EXERCISE DATA
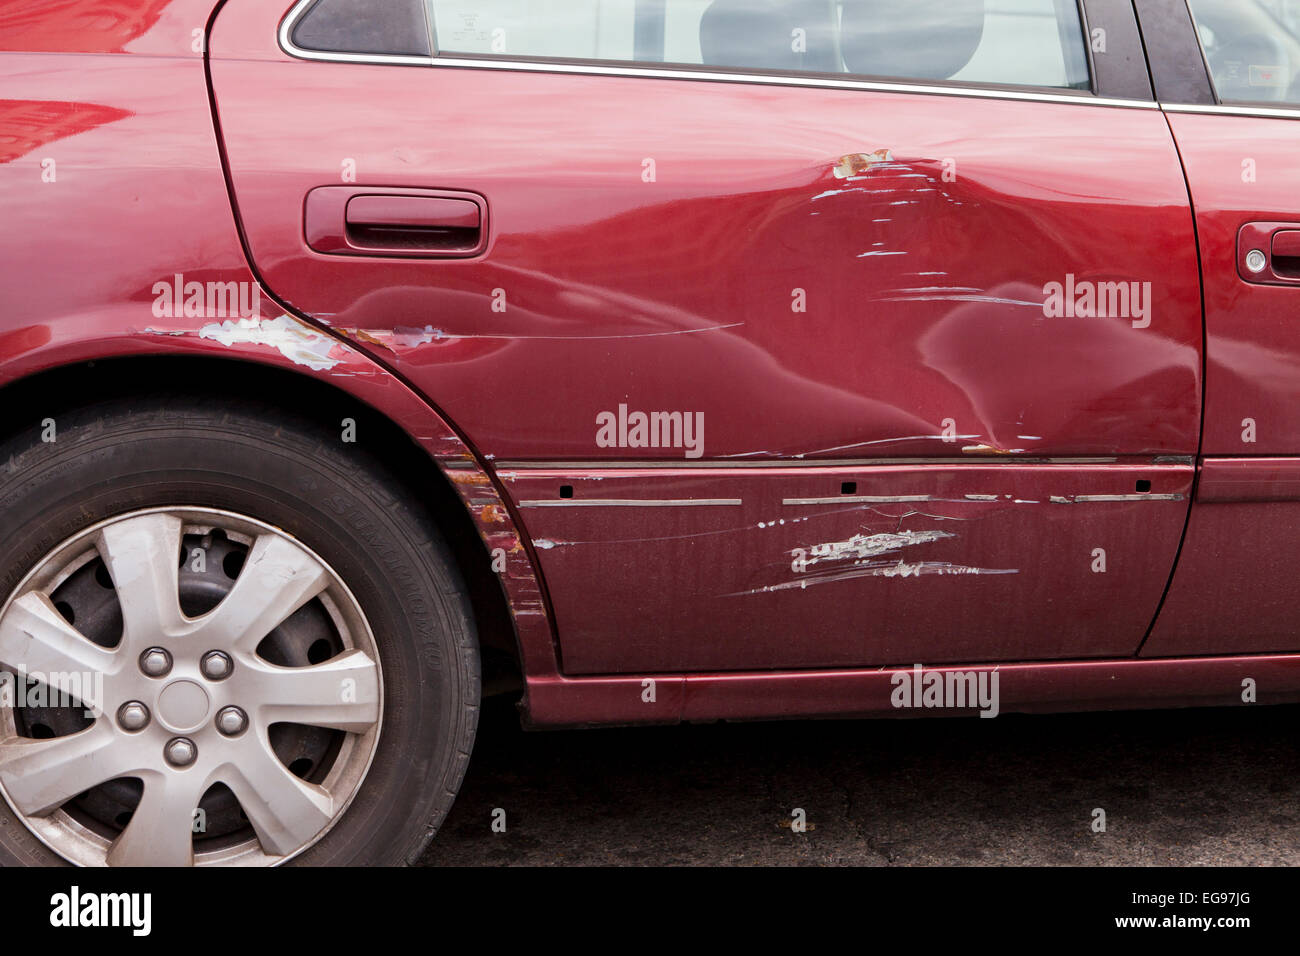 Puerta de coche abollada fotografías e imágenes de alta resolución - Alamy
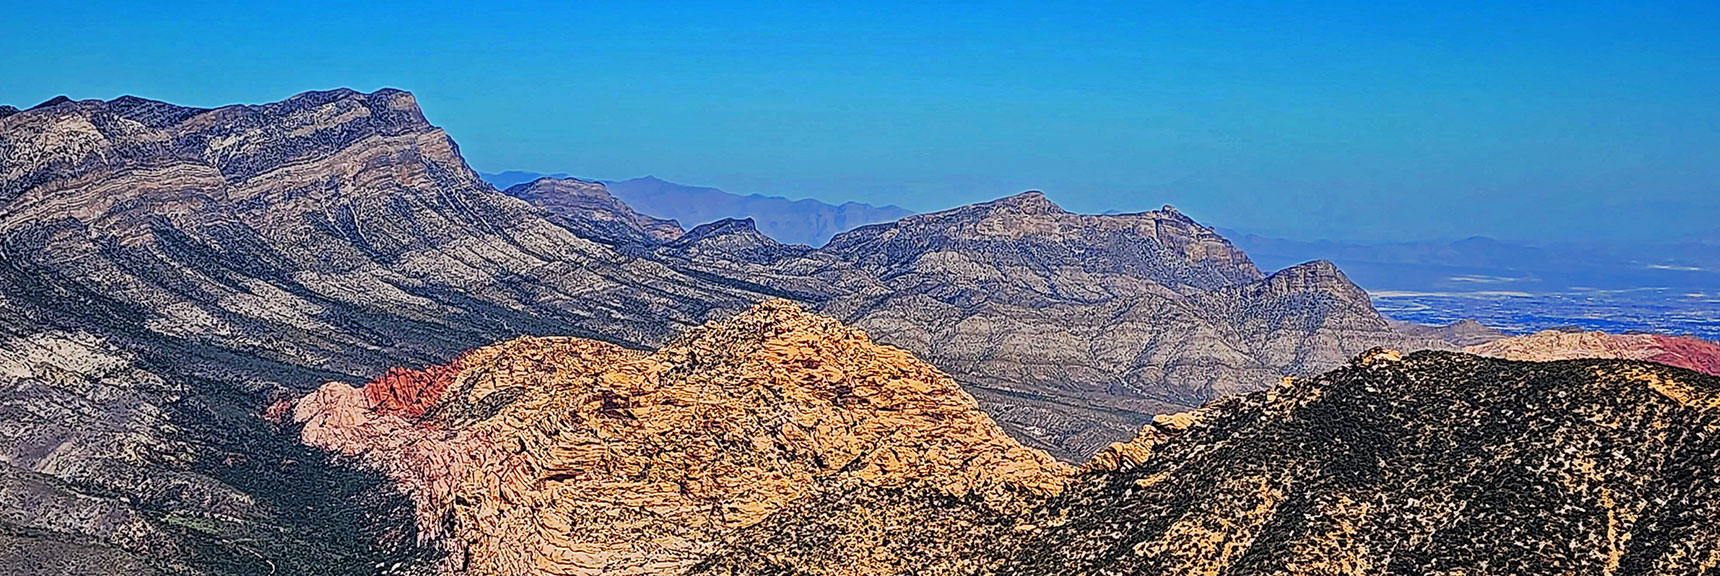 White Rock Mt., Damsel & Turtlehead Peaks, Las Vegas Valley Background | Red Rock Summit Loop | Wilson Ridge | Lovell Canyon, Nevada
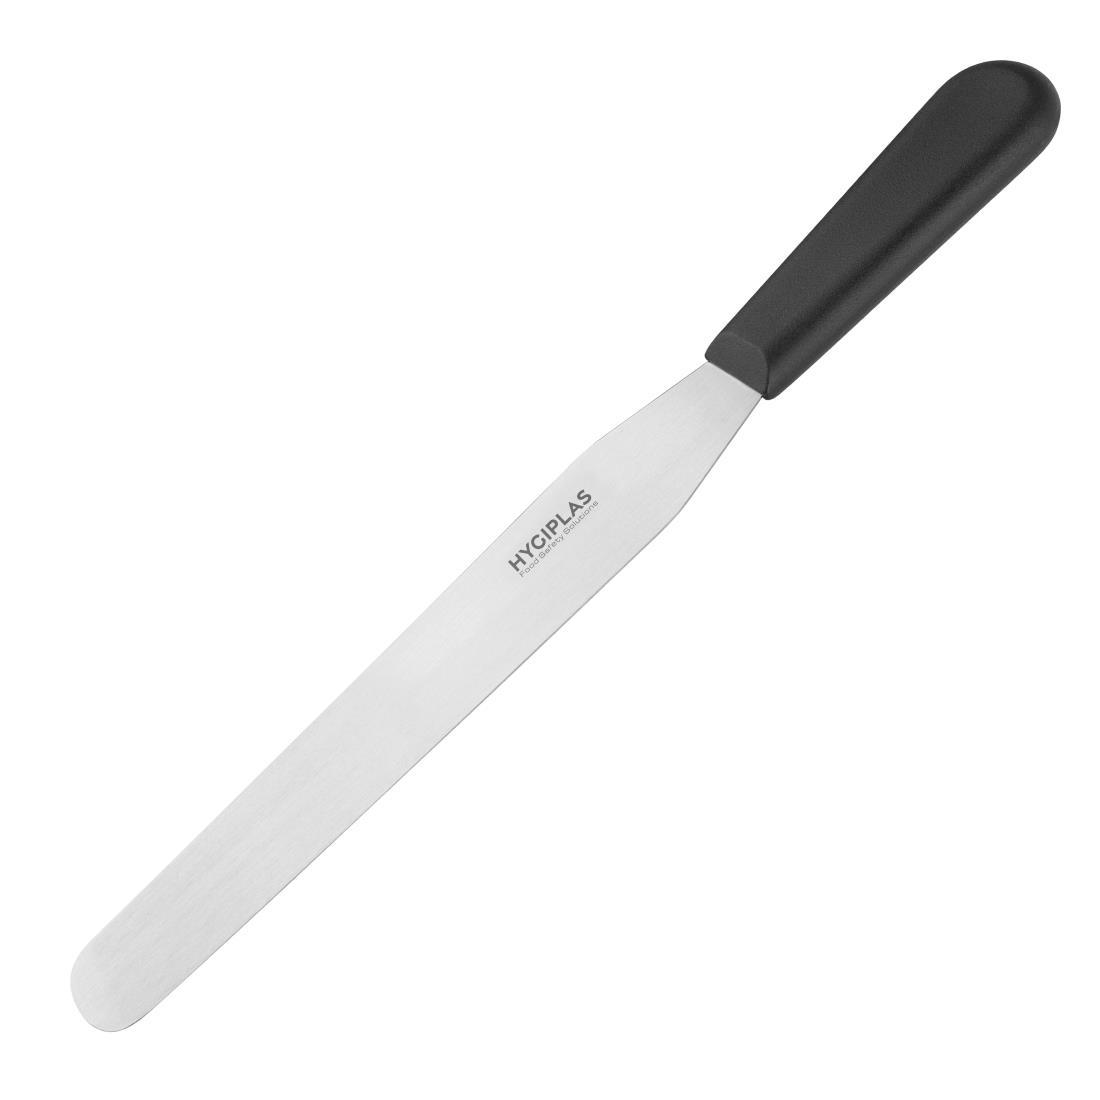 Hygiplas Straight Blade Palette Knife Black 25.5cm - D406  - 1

---

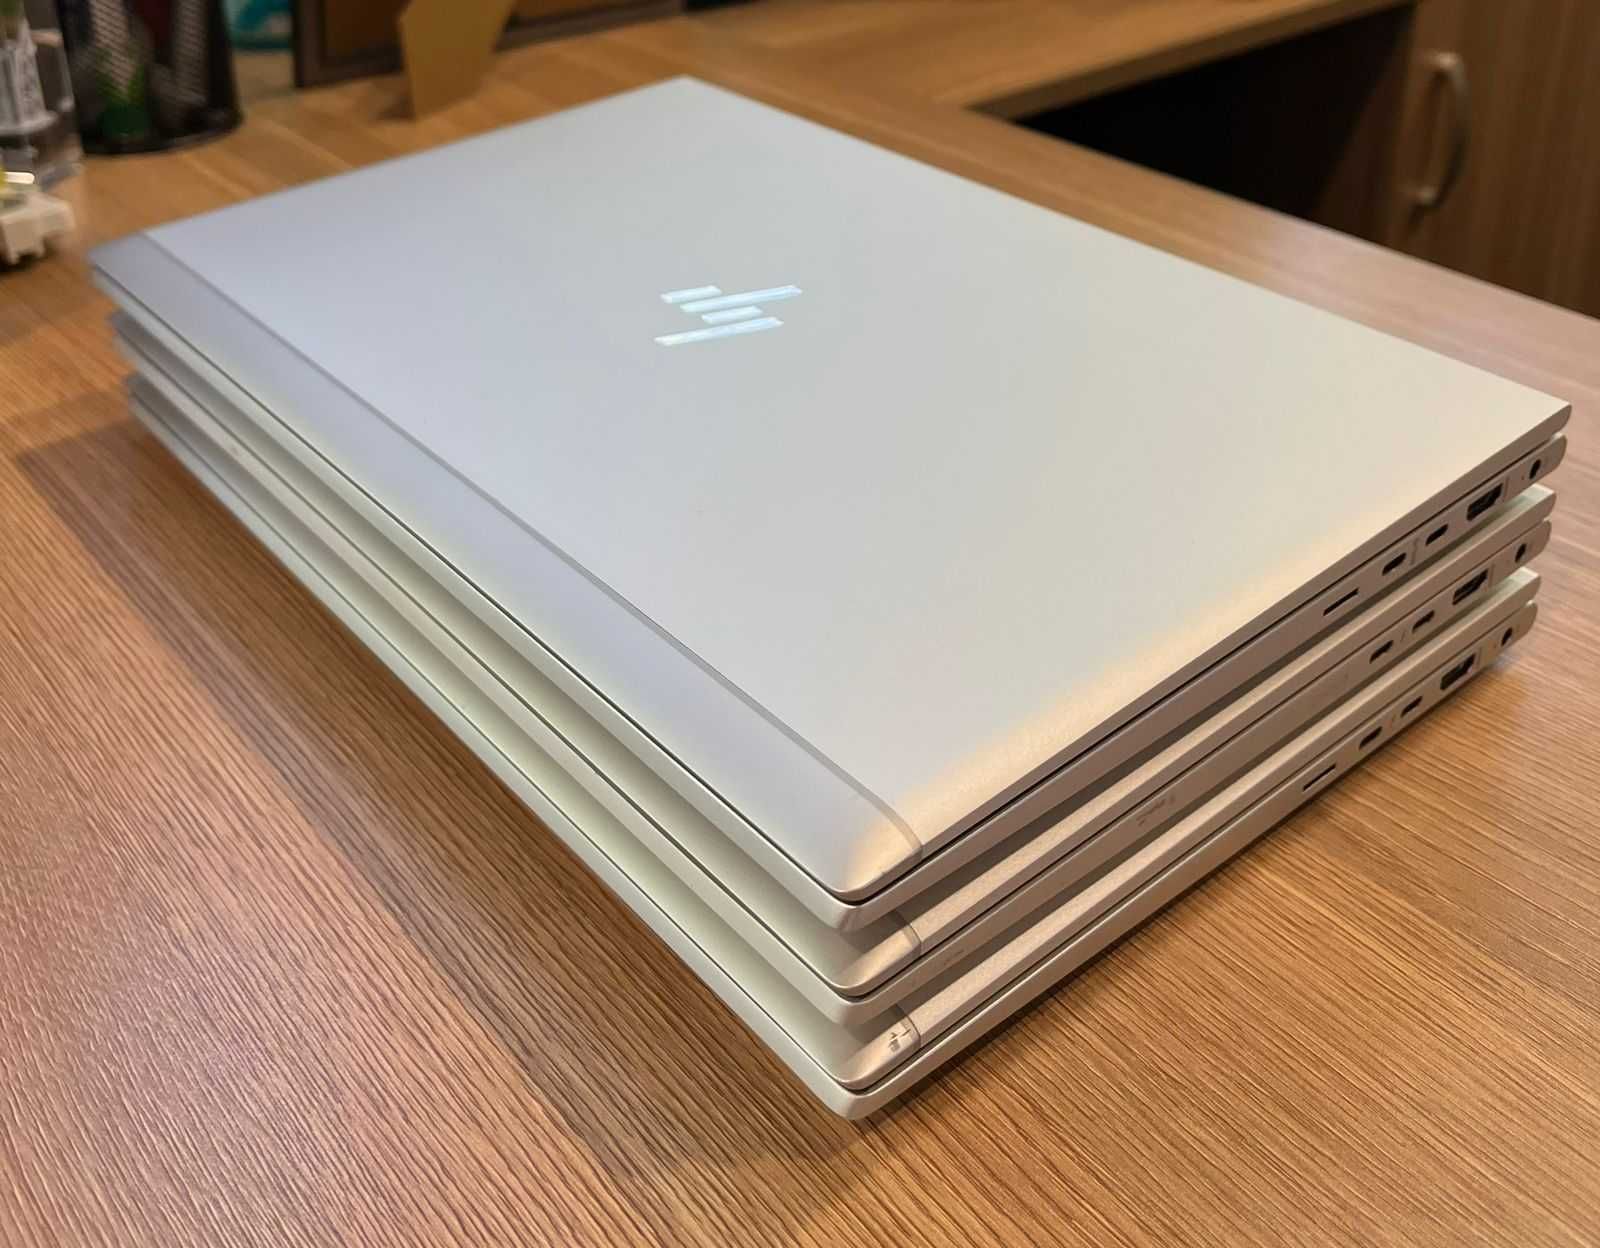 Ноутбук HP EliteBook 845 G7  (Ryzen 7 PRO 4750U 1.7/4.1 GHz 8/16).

* * *

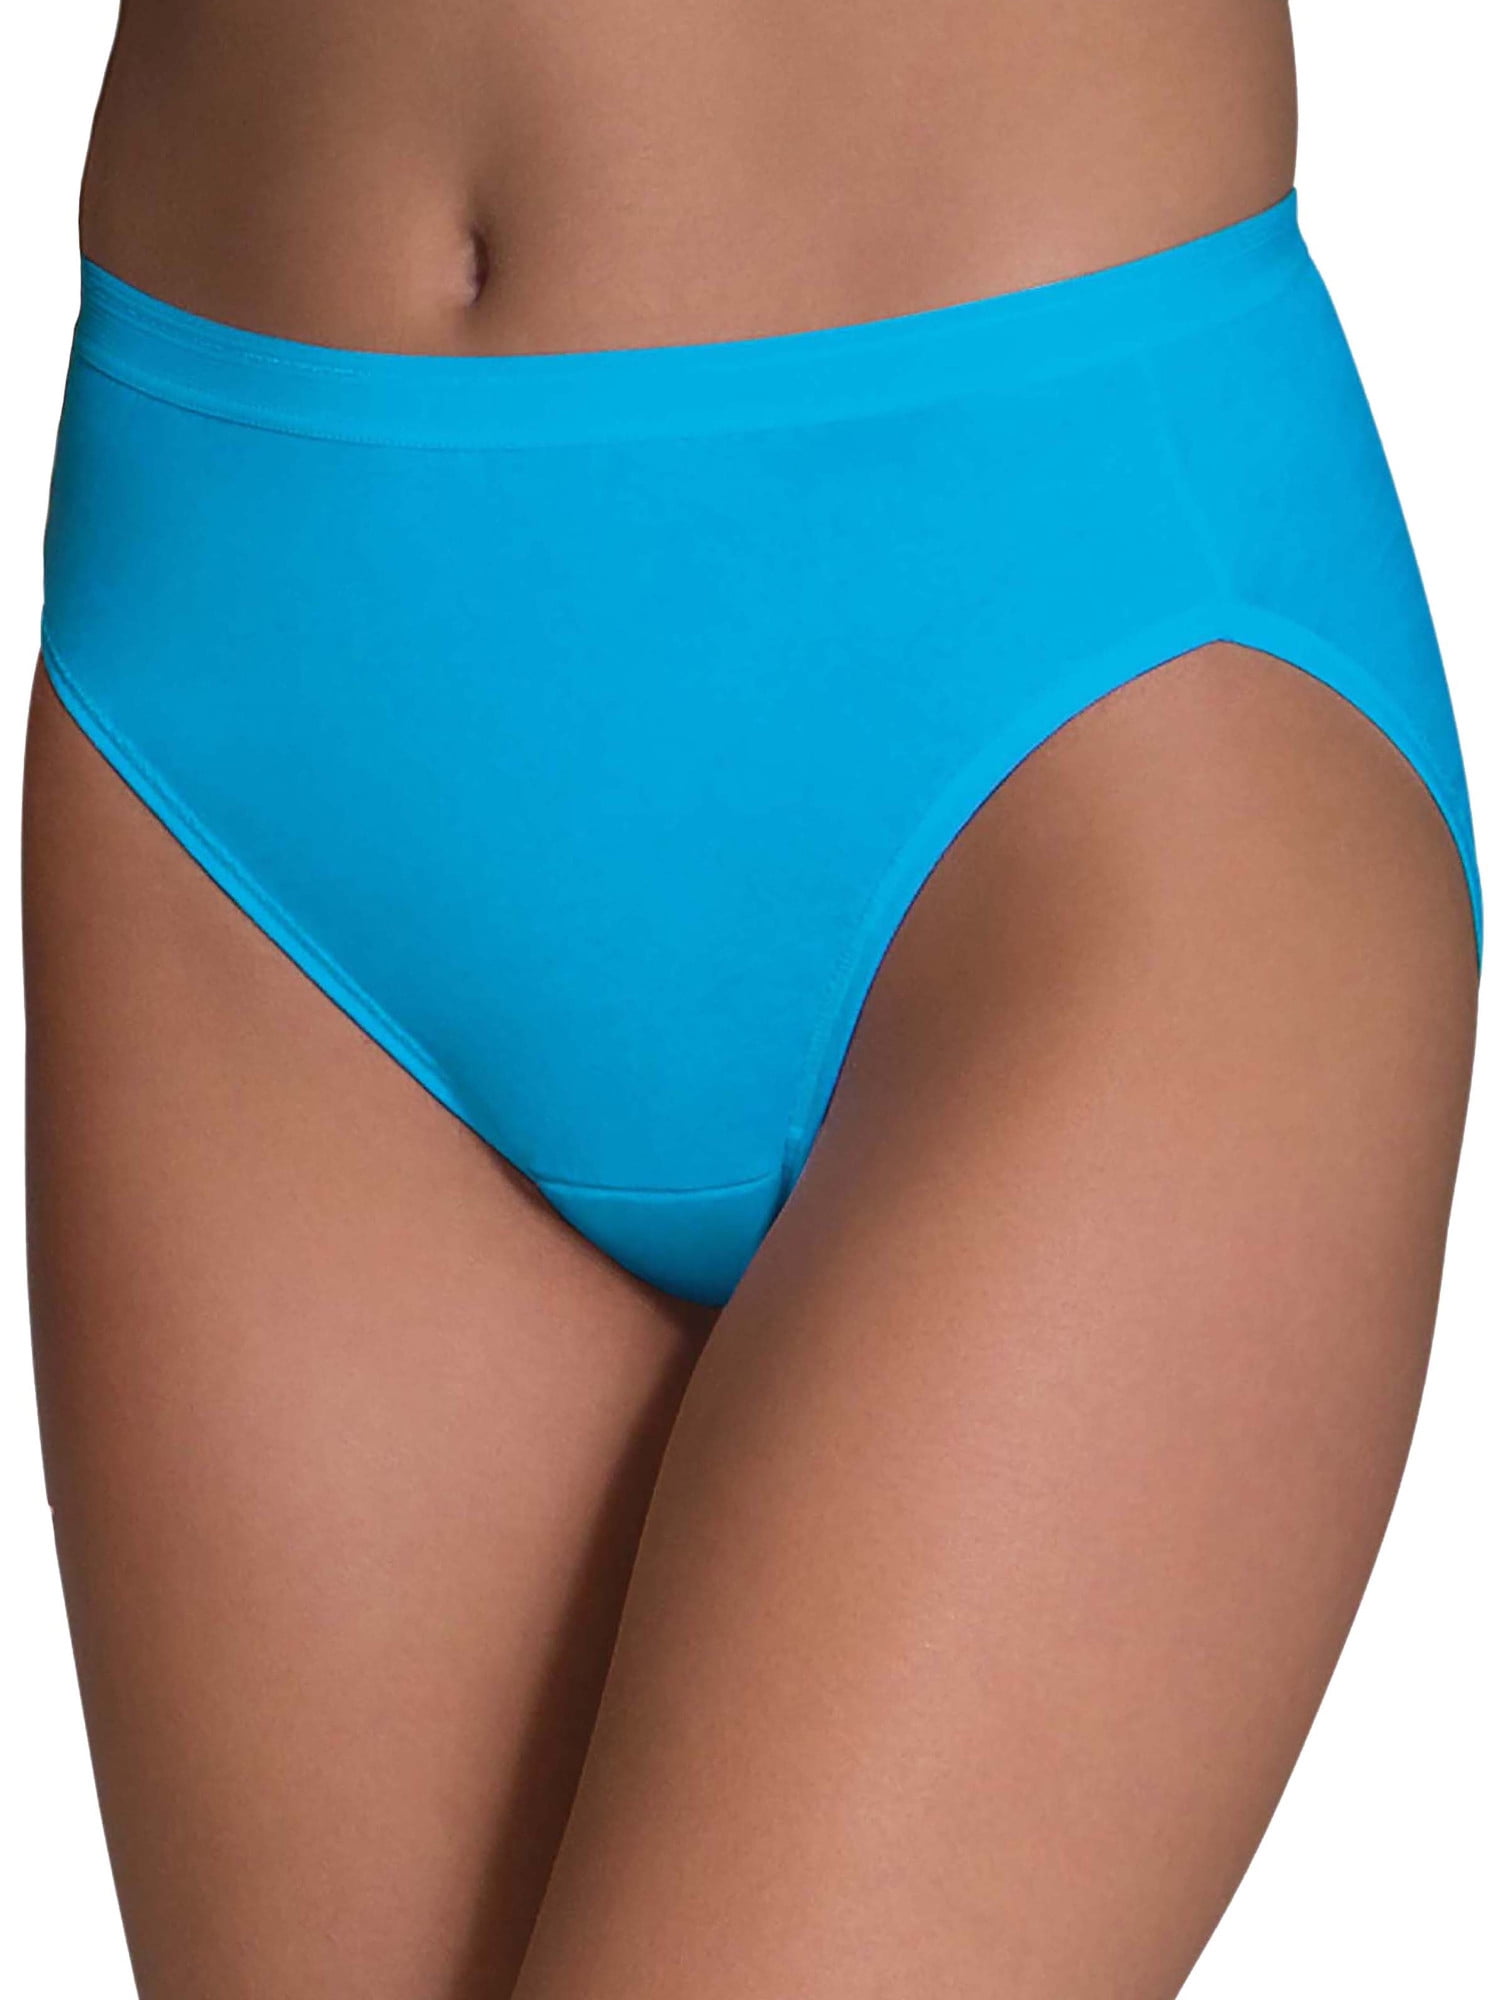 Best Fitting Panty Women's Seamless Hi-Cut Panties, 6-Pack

TASK GOAL
Word for word, write out the lines above running from the one with "Puerta de coche" up to and including the one with "Hygiplas Straight Blade". Drop any picture.

PROBLEM SOLUTION
 Puerta de coche abollada fotografías e imágenes de alta resolución - Alamy
 White Rock Mt., Damsel & Turtlehead Peaks, Las Vegas Valley Background | Red Rock Summit Loop | Wilson Ridge | Lovell Canyon, Nevada
 Hygiplas Straight Blade Palette Knife Black 25.5cm - D406  - 1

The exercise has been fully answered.